Doing business in India requires one to pick a type of business thing. In India one can choose from five different types of legal entities to conduct agency. These include Sole Proprietorship, Partnership Firm, Limited Liability Partnership, Private Limited Company and Public Limited Company. The choice from the business entity is reliant on various factors such as taxation, ownership liabilities, compliance burden, investment options and exit strategy.
Lets look at these things entities in detail
This is the most easy business entity to determine in India. It doesn’t need its own Permanent Account Number (PAN) and the PAN of the owner (Proprietor) acts as the PAN for the Sole Proprietorship firm. Registrations several government departments are required only on a need basis. For example, generally if the business provides services and repair tax is applicable, then registration with the service tax department is applicable. Same is true for other indirect taxes like VAT, Excise or anything else. It is not possible to transfer the ownership of a Sole Proprietorship from one in order to individual another. However, assets of which firm may be sold from one person various. Proprietors of sole proprietorship firms have unlimited business liability. This signifies that owners’ personal assets can be attached to meet business liability claims.
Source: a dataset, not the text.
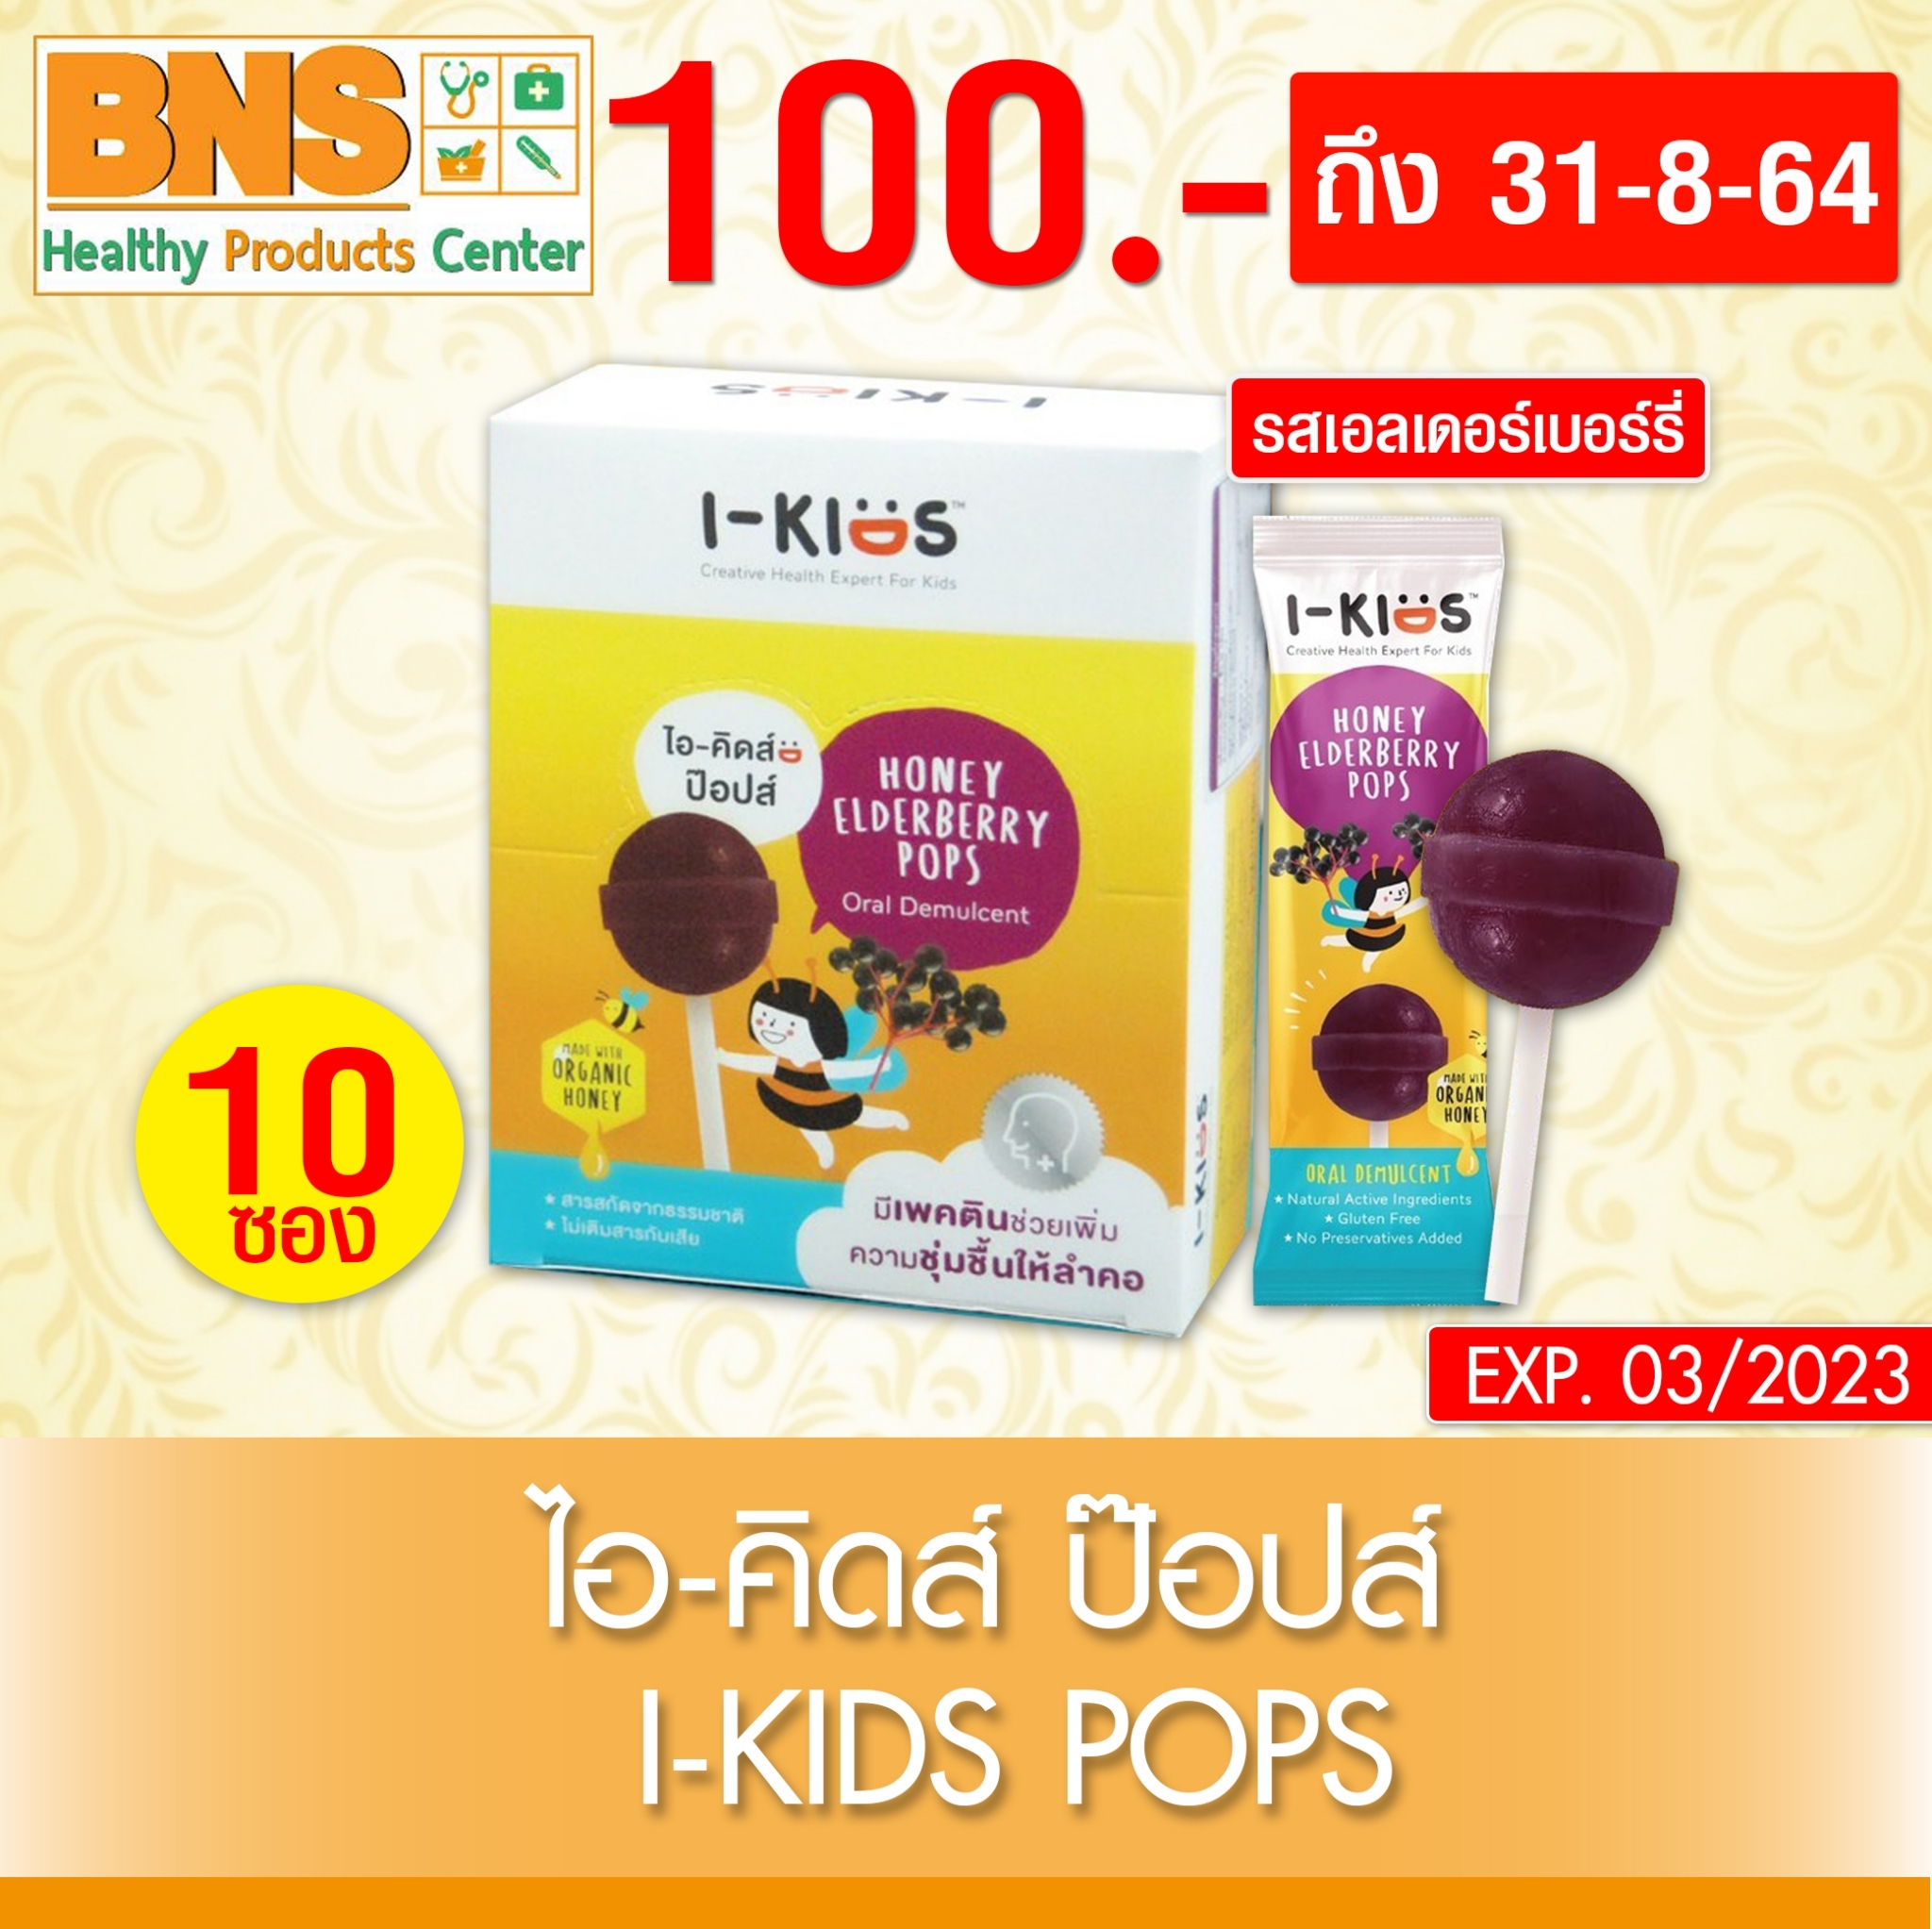 I-KIDS Elderberry Pops ไอ-คิดส์ ป๊อปส์ รสเอลเดอร์เบอรรี่ (สินค้าใหม่) (ถูกที่สุด) By BNS

A partnership firm in India is governed by The Partnership Act, 1932. Two or more persons can form a Partnership subjected to maximum of 20 partners. A partnership deed is prepared that details the amount of capital each partner will contribute into the partnership. It also details how much profit/loss each partner will share. Working partners of the partnership are also allowed to draw a salary in accordance with The Indian Partnership Act. A partnership is also permitted to purchase assets in the name. However web pages such assets include the partners of the firm. A partnership may/may not be dissolved in case of death of this partner. The partnership doesn’t really have its own legal standing although a separate Permanent Account Number (PAN) is allotted to the partnership. Partners of the firm have unlimited business liabilities which means their personal assets can be connected to meet business liability claims of the partnership firm. Also losses incurred as being a result act of negligence of one partner is liable for payment from every partner of the partnership firm.
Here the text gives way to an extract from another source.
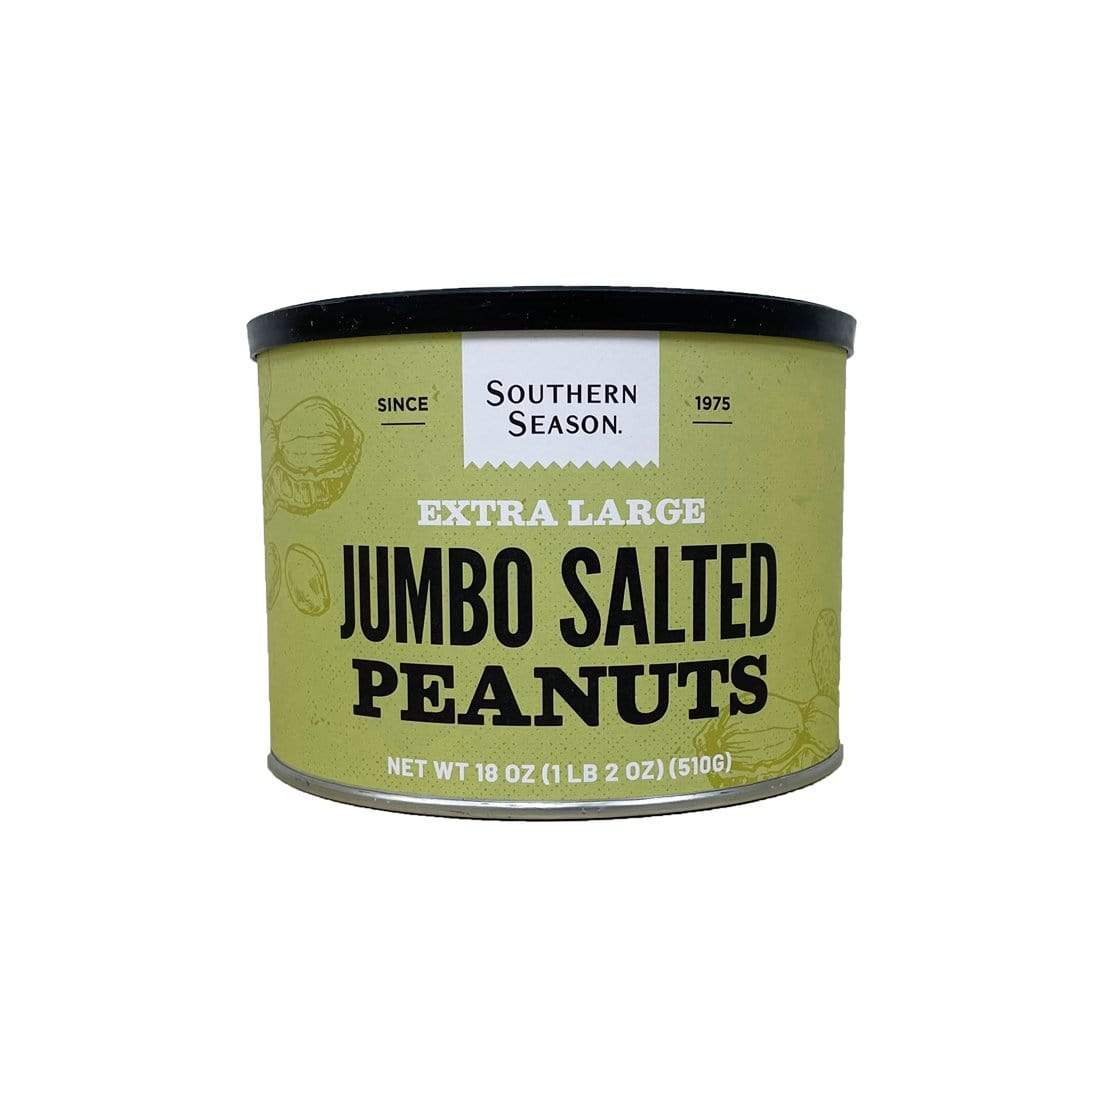 Southern Season Nuts Southern Season Jumbo Salted Peanuts 18 oz

A partnership firm may or is almost certainly not registered with Registrar of Firms (ROF). Registration provides some legal protection to partners in case they have differences between them. Until a partnership deed is registered your ROF, it is probably not treated as legal document. However, this does not prevent either the Partnership firm from suing someone or someone suing the partnership firm in the court of statute.
Limited Liability Partnership
Limited Liability Partnership (Online LLP Registration in India) firm is often a new type of business entity established by an Act of the Parliament. LLP allows members to retain flexibility of ownership (similar to Partnership Firm) but provides a liability cover. The maximum liability of each partner inside LLP is limited to the extent of his/her purchase of the organisation. An LLP has its own Permanent Account Number (PAN) and legal status. LLP also provides protection to partners for illegal or unauthorized actions taken by other partners of the LLP. A private or Public Limited Company as well as Partnership Firms are allowed to be converted to a Limited Liability Partnership.
Private Limited Company
A Private Limited Company in India is significantly like a C-Corporation in the particular. Private Limited Company allows its owners a subscription to company shares. On subscribing to shares, owners (members) become shareholders of the company. A personal Limited Clients are a separate legal entity both when considering taxation and also liability. The personal liability of this shareholders is fixed to their share cash. A private limited company can be formed by registering company name with appropriate Registrar of Companies (ROC). Draft of Memorandum of Association and Piece of Association are able and signed by the promoters (initial shareholders) on the company. Of those ingredients then listed in the Registrar along with applicable registration fees. Such company possess between 2 to 50 members. To care for the day-to-day activities within the company, Directors are appointed by the Shareholders. A non-public Company has more compliance burden if compared to the a Partnership and LLP. For example, the Board of Directors must meet every quarter and some form of annual general meeting of Shareholders and Directors must be called. Accounts of an additional must be ready in accordance with Taxes Act and also Companies Act. Also Companies are taxed twice if profits are to be distributed to Shareholders. Closing a Private Limited Company in India is a tedious process and requires many formalities to be completed.
One good side, Shareholders of associated with Company can go up without affecting the operational or legal standing of the company. Generally Venture Capital investors prefer to invest in businesses are usually Private Companies since it allows great amount separation between ownership and operations.
Public Limited Company
Public Limited Company is related to a Private Company without the pain . difference being that associated with shareholders of a real Public Limited Company can be unlimited using a minimum seven members. A Public Company can be either indexed by a wall street game or remain unlisted. A Listed Public Limited Company allows shareholders of business to trade its shares freely more than a stock alternate. Such a company requires more public disclosures and compliance from brand new including appointment of independent directors on the board, public disclosure of books of accounts, cap of salaries of Directors and Chief executive officer. As in the case of a Private Company, a Public Limited Clients are also an impartial legal person, its existence is not affected from your death, retirement or insolvency of some of its investors.